Your goal:
What is needed is an exact copy of the whole listing below, with no pictures.

##### Provided data

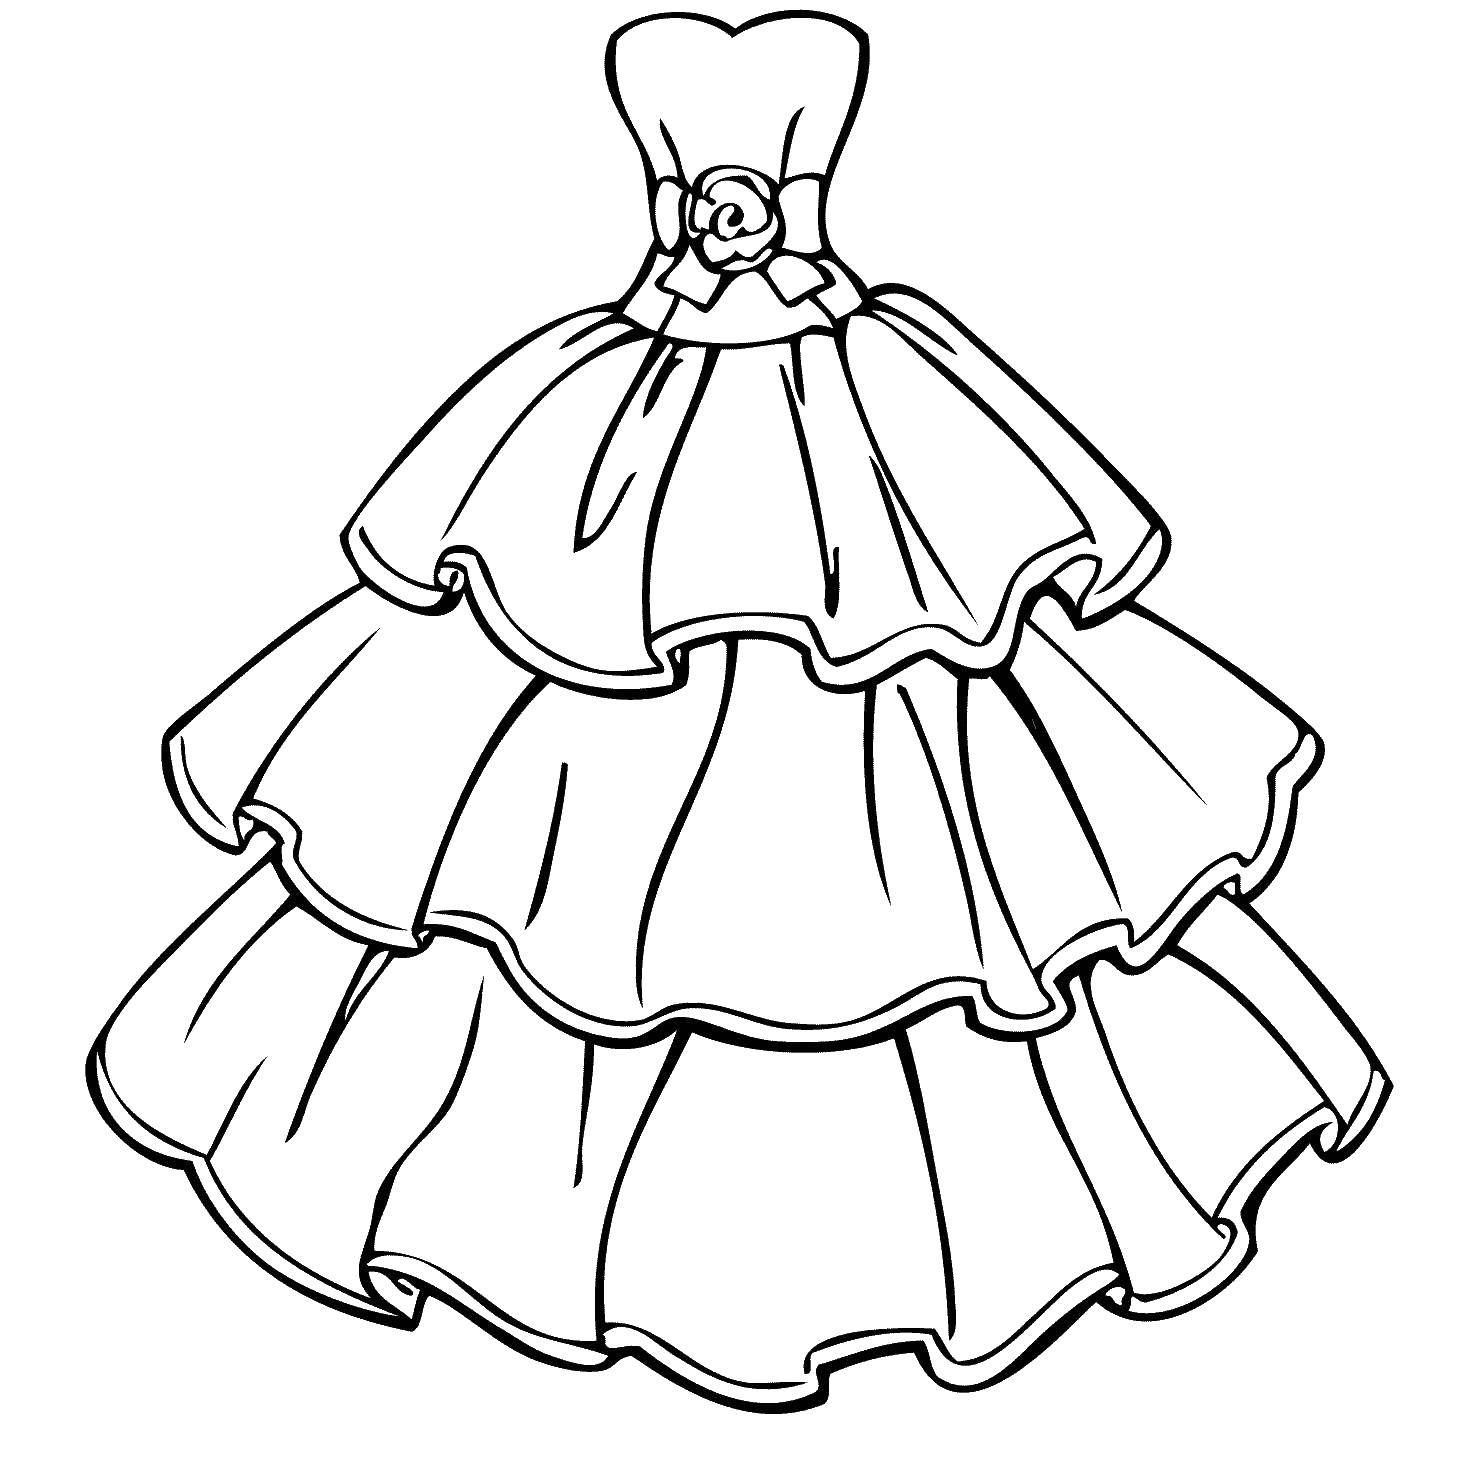 Coloring Quinceanera dresses with flower. Category Dress. Tags:  Clothing, dress.
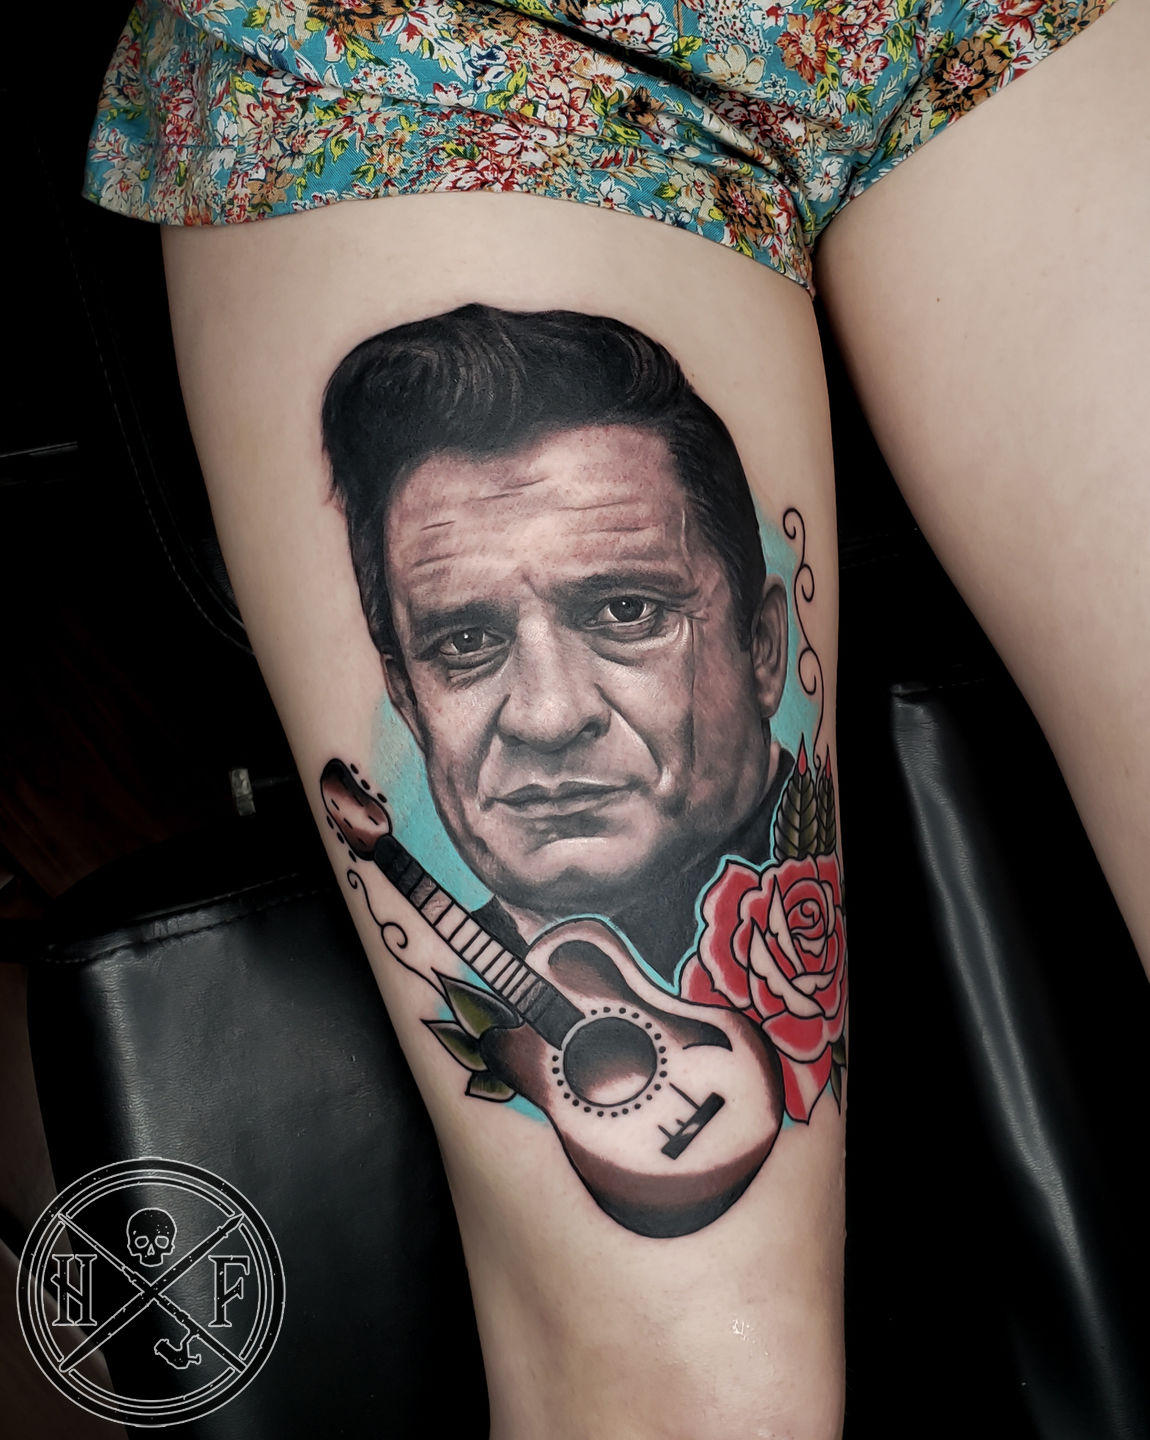 Tattoos by Shaleea - I got the 1st session done on this Johnny Cash tattoo!  One more short session needed to add some highlights and detail in the  background and this will
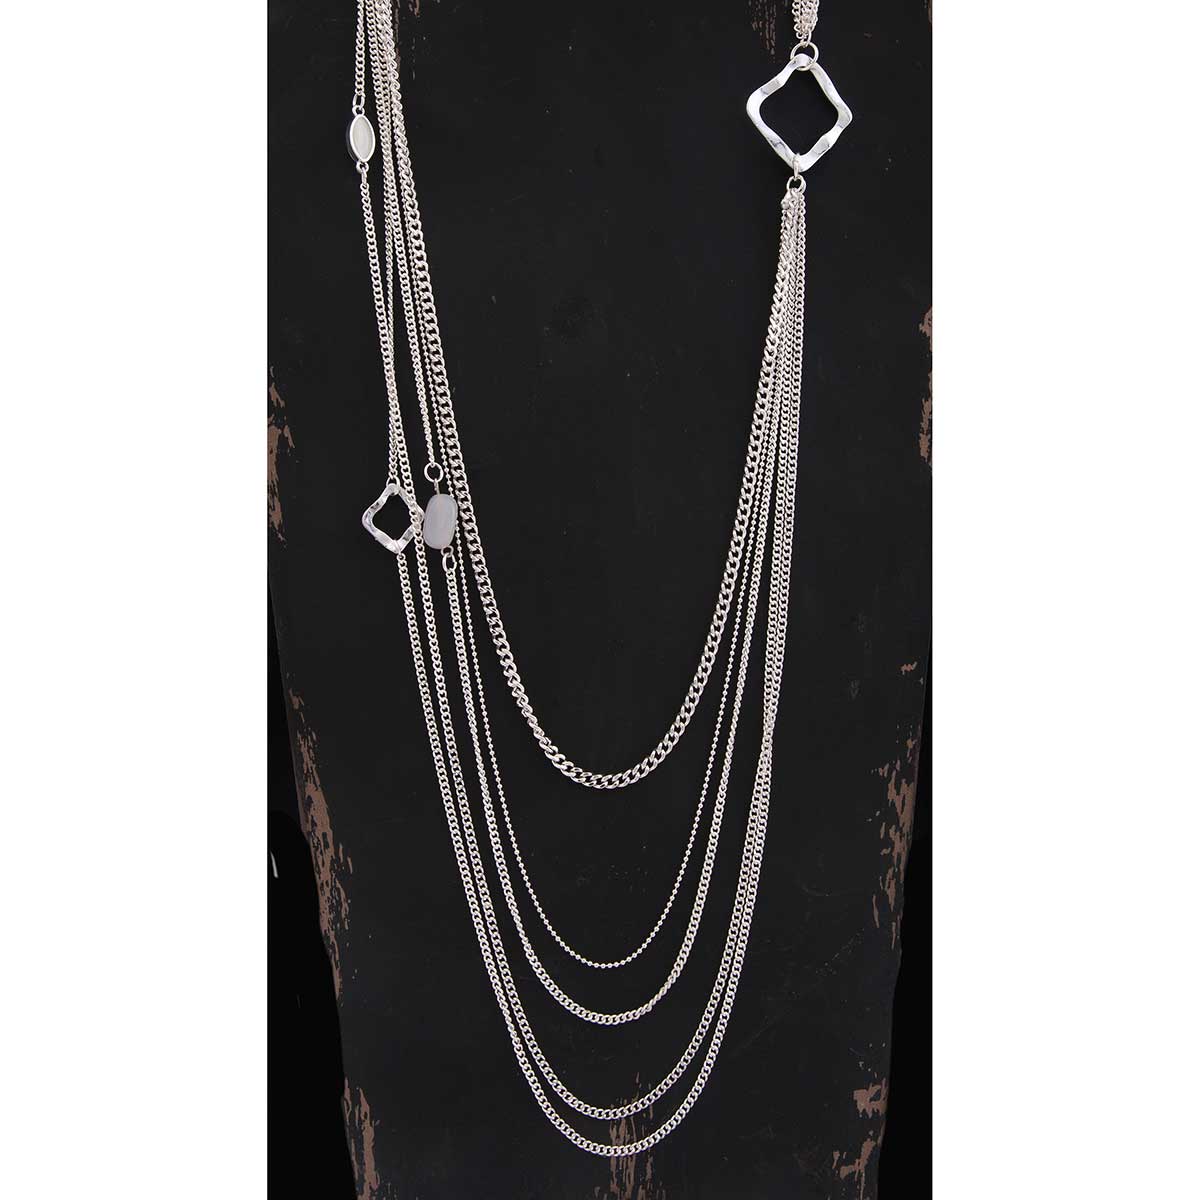 b70 NECKLACE MULTI CHAIN WITH SQU 40IN

##########

Task response:
 Coloring Quinceanera dresses with flower. Category Dress. Tags:  Clothing, dress.
 Tattoos by Shaleea - I got the 1st session done on this Johnny Cash tattoo!  One more short session needed to add some highlights and detail in the  background and this will
 b70 NECKLACE MULTI CHAIN WITH SQU 40IN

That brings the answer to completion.